XXXVI. Prałat Paweł opowiada o kupowaniu samochodu



Panowie rozmawiali o samochodach, dlatego że kolega księdza magistra Wojciecha kupił sobie właśnie Forda Mondeo z dwustrefową klimatyzacją, i wynikł spór, czy księdzu nie wystarczyłaby przypadkiem Kia z jednostrefową, no bo kto się właściwie będzie klimatyzował w tej drugiej strefie.

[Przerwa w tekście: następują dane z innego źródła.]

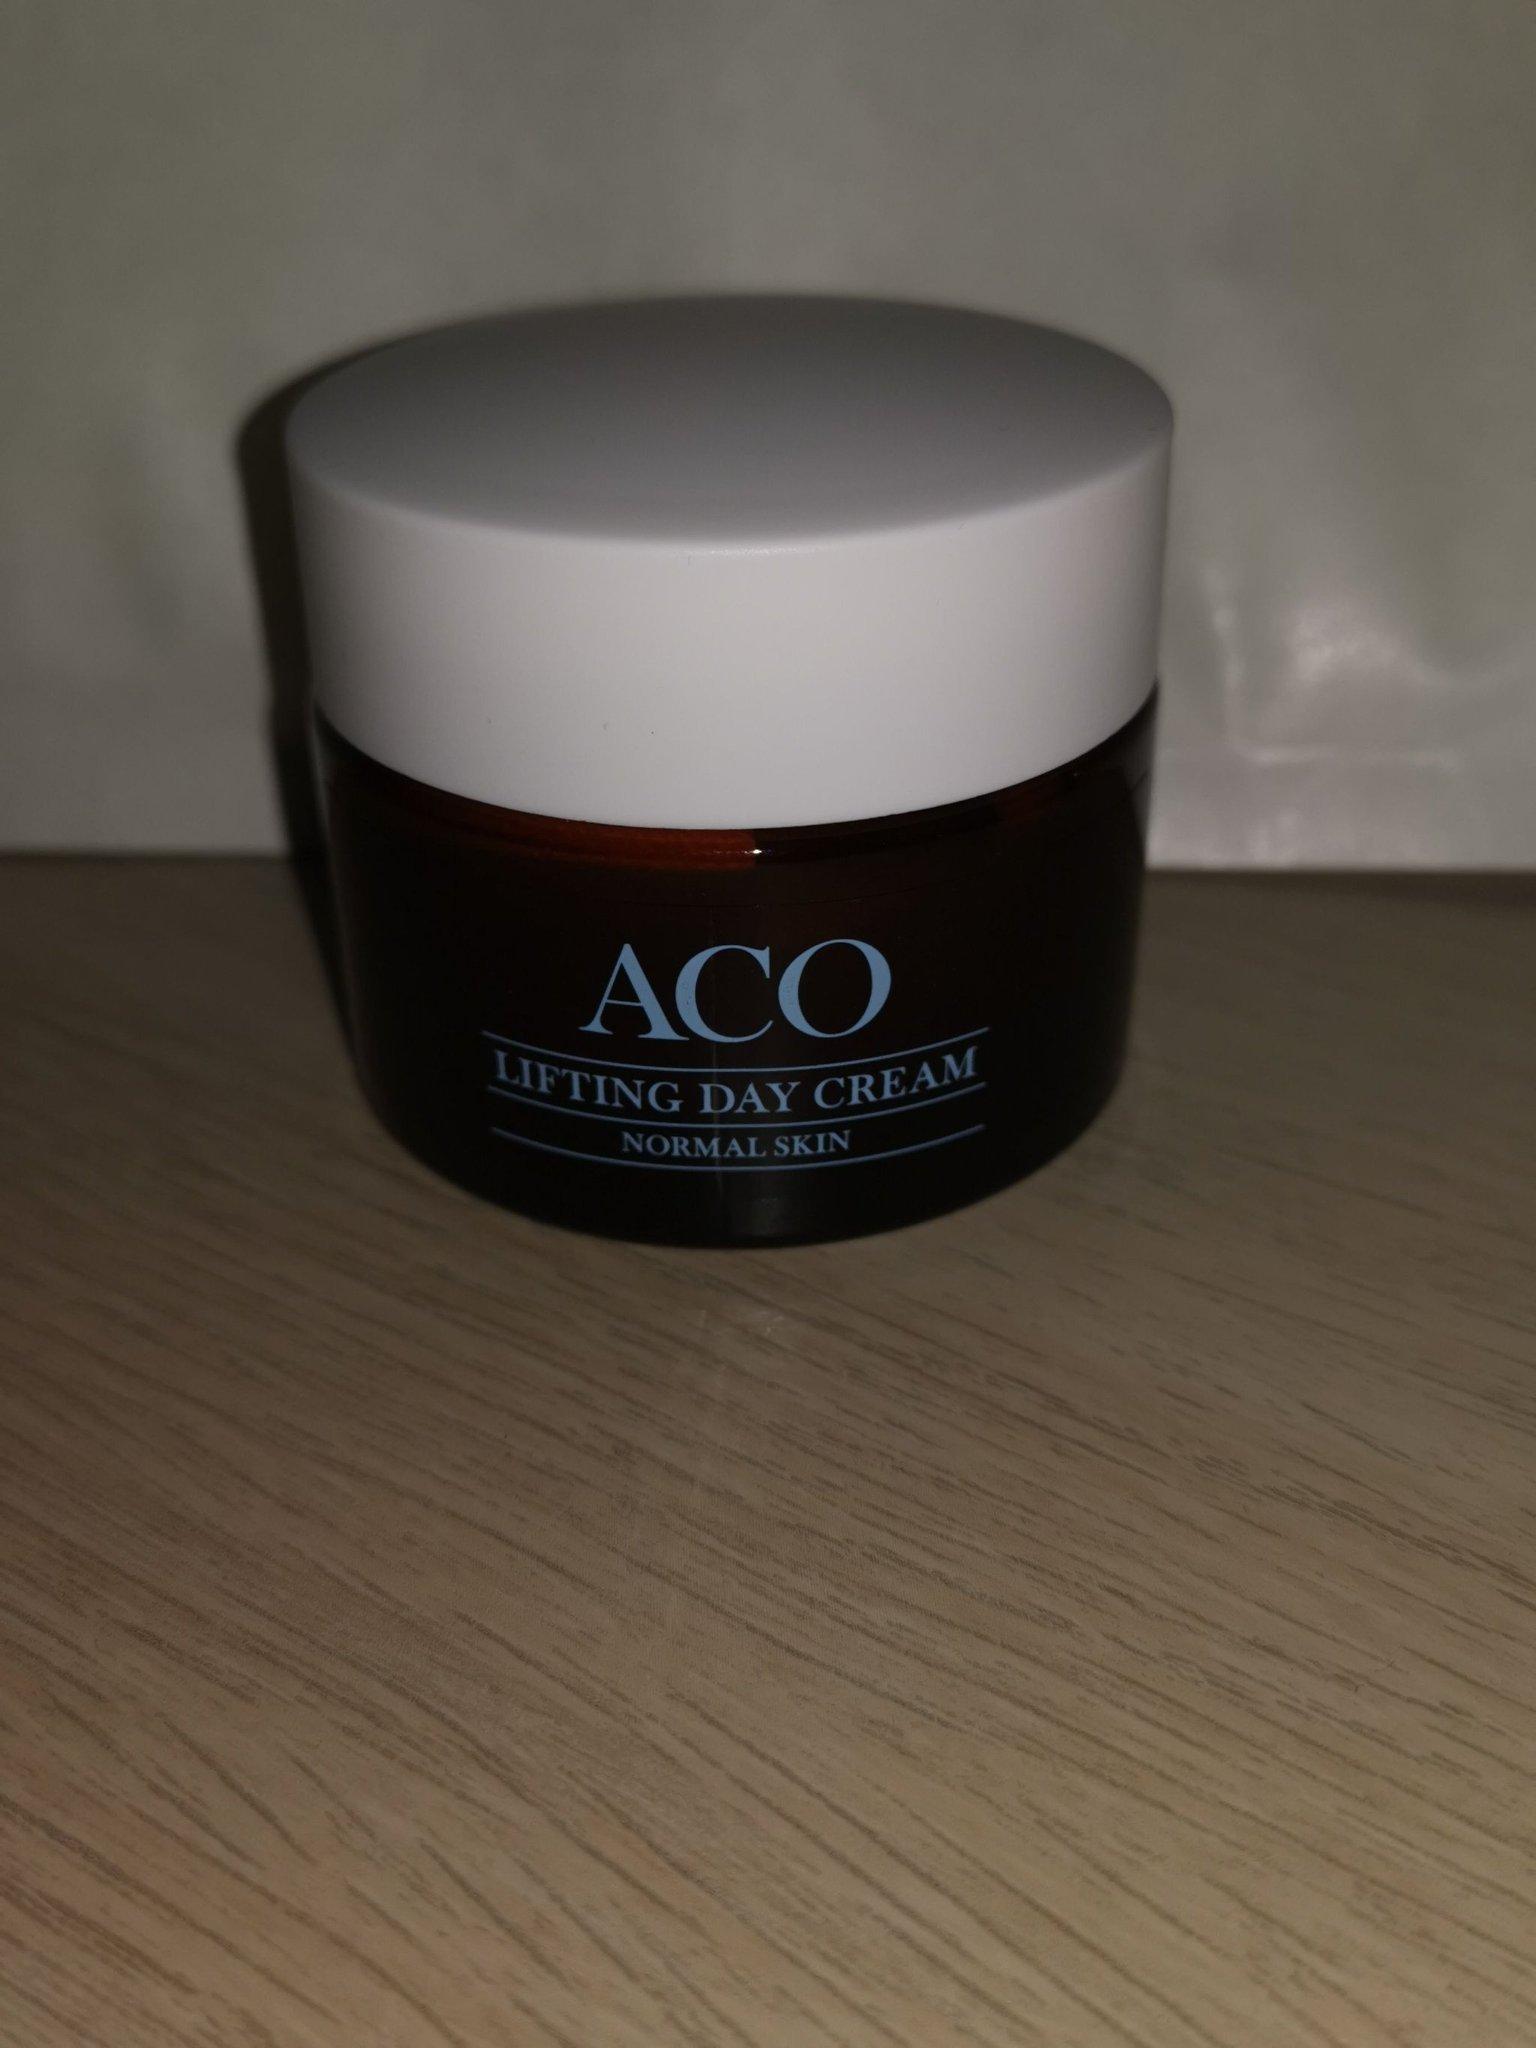 aco lifting day cream

-          Miałem kolegę – opowiadał prałat Paweł – który dostał kiedyś na gwiazdkę taki prezent od cioci, po prostu znaczniejszą sumę. Tyle, że mógł sobie kupić samochód. Nawet dobry.

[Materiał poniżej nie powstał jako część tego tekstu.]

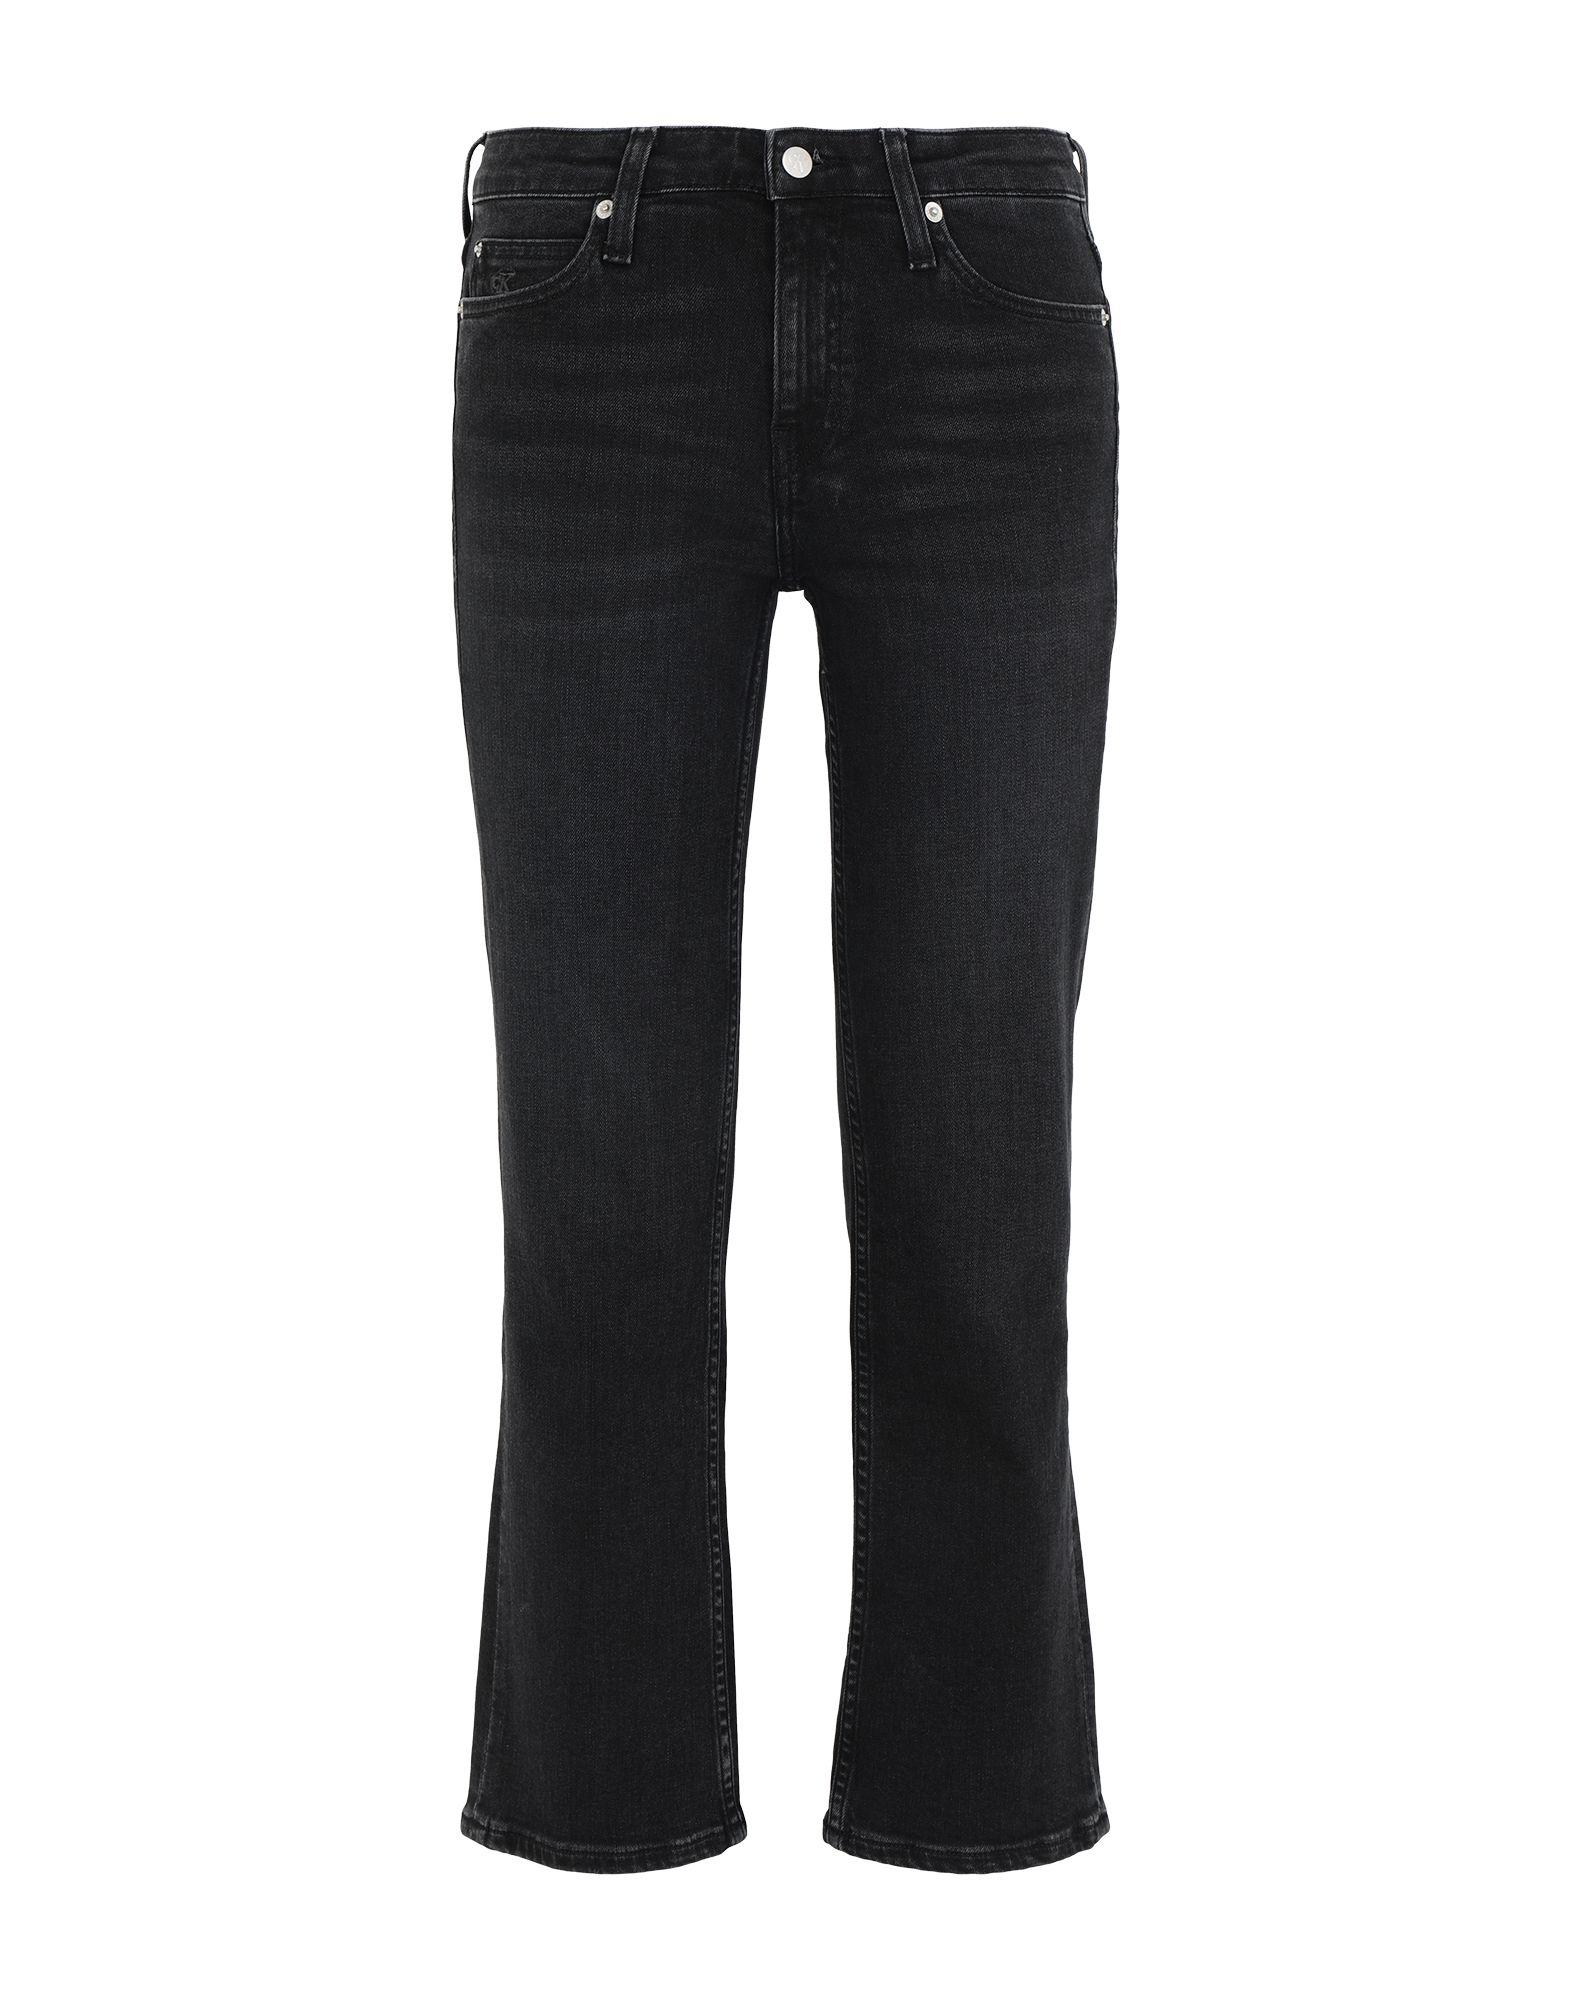 CALVIN KLEIN JEANS Джинсовые брюки-капри цена 2017

-          No i mój kolega – ciągnął prałat Paweł – poszedł do dealera takiej jednej marki. I rozmawiają, jak to faceci – czy benzynowy, czy wtrysk, jaka sprężarka, itp. I wtedy mój znajomy podnosi oczy i widzi, że przy drugim modelu wystawionym w salonie stoi dość młoda, ale nie bardzo już prawdę mówiąc, pani, która rozmawia z drugim panem sprzedawcą. Ta pani jest schowana za otwarte drzwi kierowcy tego drugiego samochodu, opiera się tak łokciem na nich, tak że widać tylko głowę i łokieć.
-          Kolega nie należy do fascynujących się kobiecą urodą – w sumie ksiądz z wieloletnim doświadczeniem sublimacji – ale czy to męska atmosfera salonu tak na niego podziałała, czy zapach tapicerki, grunt, że patrzy na tę panią dyskretnie, ale bez ustanku.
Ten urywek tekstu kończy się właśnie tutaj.